For the final round, play a game to finish the lyrics. Pick a part of the song, chorus or verse, and end a clip right before the line finishes. Have players finish the lyrics and score them based on how many words they got correct.
3. Pop Culture
The folks at Buzzfeed aren’t the only ones that can talk about the lifestyles of the rich and famous. People are always interested in pop culture and what’s going on around the globe. The best part about pop culture trivia is you can get all of your questions from the pages of the entertainment section of your local newspaper.
Sports fanatics are always rambling on and on with statistics. They can name the Heisman Trophy winner in 1982 – Herschel Walker – and who holds the record for most consecutive strikeouts by a pitcher – Tom Seaver. Open up the record books and pick develop a list of questions. Bonus points if you relate the questions to your local sports teams.

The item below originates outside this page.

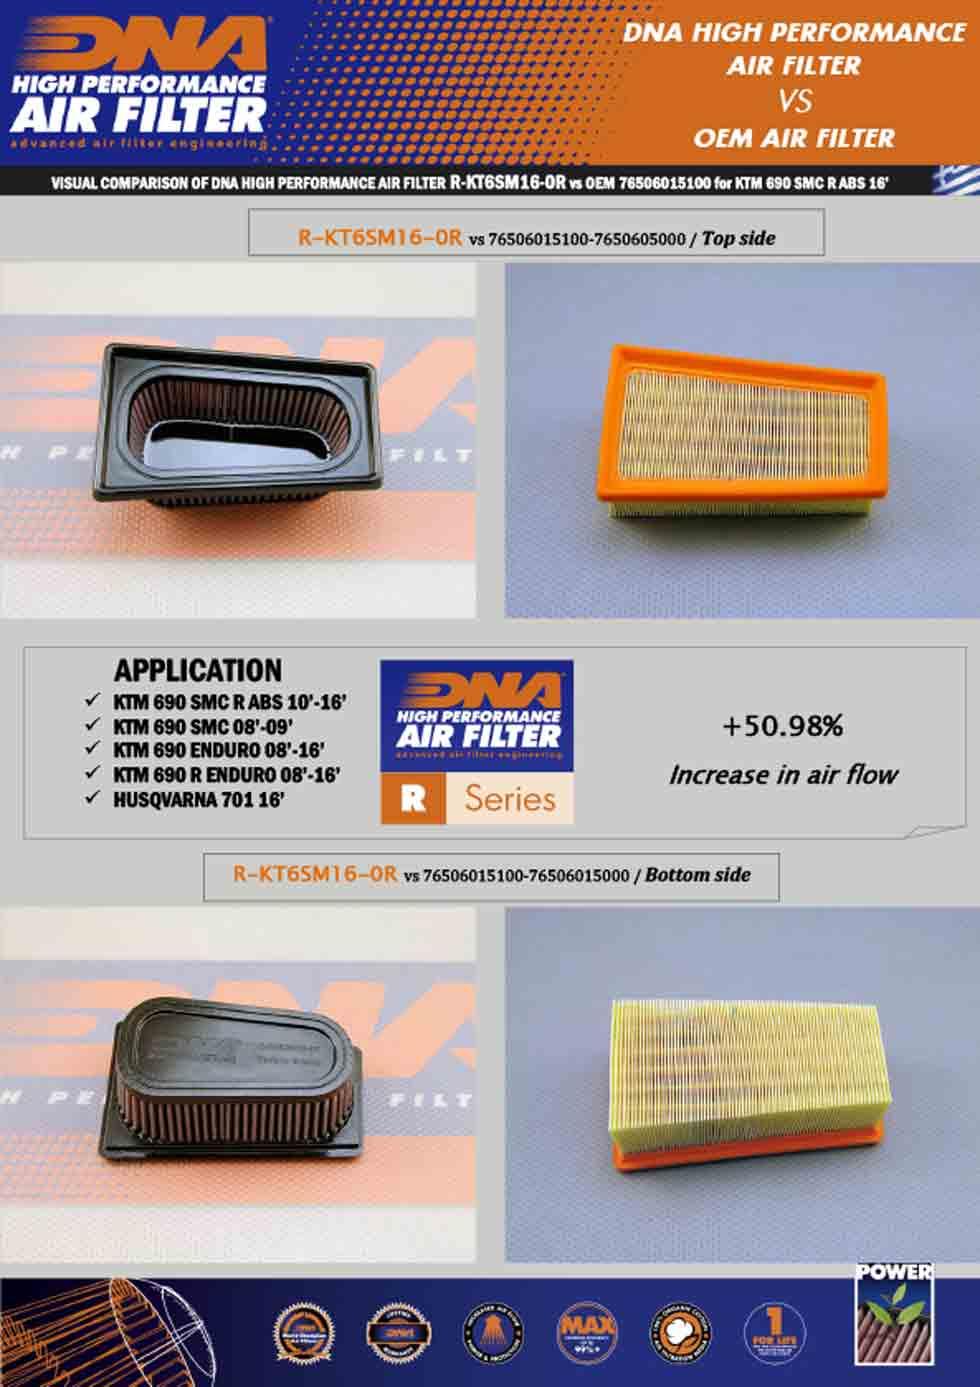 dna air filter for ktm 690

Even book lovers like to put down their most recent read to spend a night out – although they might bring a copy in their bag. Find some popular books and make your night center around that series. Harry Potter, Hunger Games, and Lord of the Rings are all excellent series to start with.
6. Get Creative
While hosting a trivia night will draw in new businesses to your bar, it’s a crowded space to enter. Almost every bar and restaurant have some sort of trivia night on rotation. You’ll need to get creative to set your trivia night apart.
Consider local themes that pull questions only locals will know. Think local history, geographic, landmarks, businesses, famous people, and more.
Another creative trivia theme is to host an “adult-themed” night. For example, the Chicago-bar Waterhouse Tavern hosts a weekly “Kinky Trivia” night to stand out from the crowd.
You’re Ready to Host a Trivia Night at Your Bar!
Hosting a trivia night doesn’t have to be complicated and can be a great way to bring in new and returning customers. Your patrons will have a blast, and pretty soon, they’ll be coming back week after week.